Can Eliminating Roads Eliminate Traffic?
- Posted by: Siobhan O'Connor
- on July 6, 2009 at 4:08 pm
This is one of those brain benders that can make total sense (no road equals no cars equals no traffic) and none at all (no road equals cars diverted equals more traffic). Thankfully, our friends at Infrastructurist did some reporting to see how these experiments have actually panned out in a few places, complete with before and after pictures like the ones above, from Seoul.
They look at roads eliminated in Portland, Oregon, Seoul, and San Francisco, and guess what? In all instances, the outcome was pretty great. Of course, they add that “this evidence doesn’t suggest that all road expansions are unnecessary, or that all highways should be removed. … But the lesson is clear: If a major road is making a city a less livable…everyone benefits when politicians have the vision and guts to tear it down.”
Amen!






DISCUSSION: 5 Comments
This is sort of the inverse corollary to what’s known as the the Induced-Traffic Hypothesis which states that the more roads you build, the more traffic you will have.
This is awesome.
I’m always tempted to think that you have to have dense neighborhoods in place already for stuff like this to be feasible. But that’s not entirely right. The causality goes both ways. Dense, mixed-zone neighborhoods make it easier to replace freeways with walkways and have a smooth transition. But also, replacing freeways with walkways can itself create dense neighborhoods by supplying a market for local shops, employment, etc. And I tend to kind of overlook that latter part, I think.

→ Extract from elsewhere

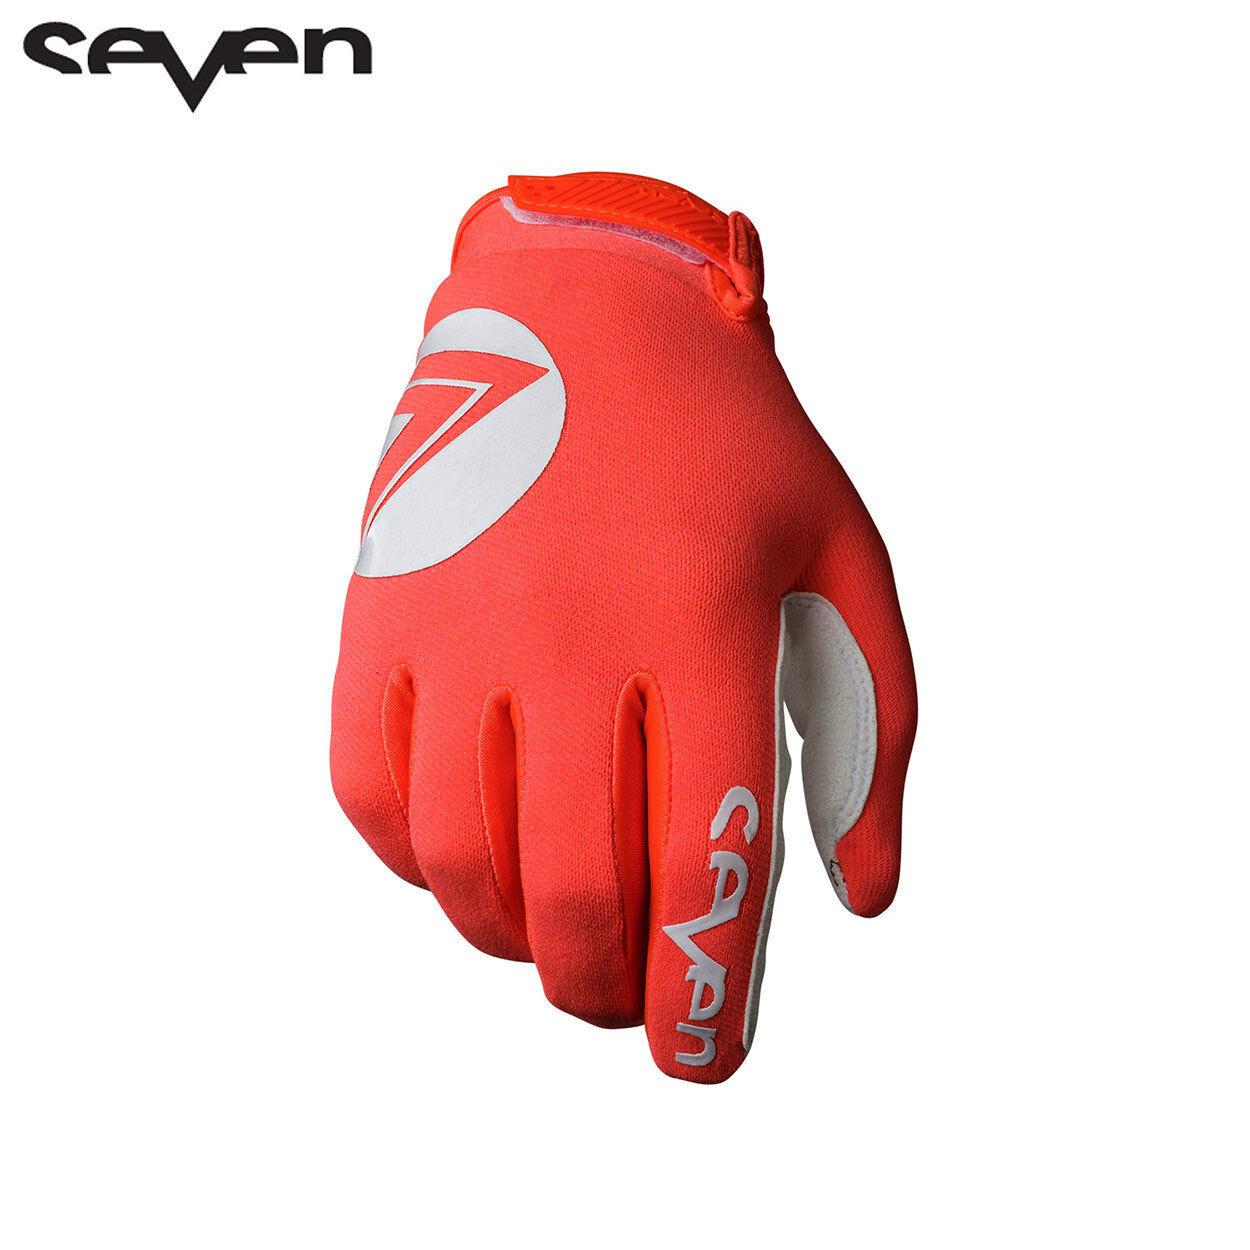 Seven Mx Coral 2019 Annex 7 Dot Gloves

At any rate, this is awesome.
this would be beautiful.i’ve recently moved to a bigger city and would love to see this happen.less noise, less emissions, healthier happier people
it’s nice to dream i supppose
Yey for Braess Paradox! And Dietrich Braess is actually still alive and well and churning out more good math: http://homepage.ruhr-uni-bochum.de/Dietrich.Braess/ftp.html
What you’re basically saying is ‘make public transport the easier option, and people will do it’. If you frame it that way, it makes sense. Unfortunately I think a lot of governments/ councils gleefully approach it with a ‘let’s make driving harder’ approach, without the corollary improvement in public transport. London had the genius scheme of restricting the number of parking spaces in new residential developments, but the need to travel and the availability of public transport didn’t change, so the only beneficiaries were land owners who could then charge $50k for a parking space. I would rather we focused on making public transport easier and better before removing road capacity.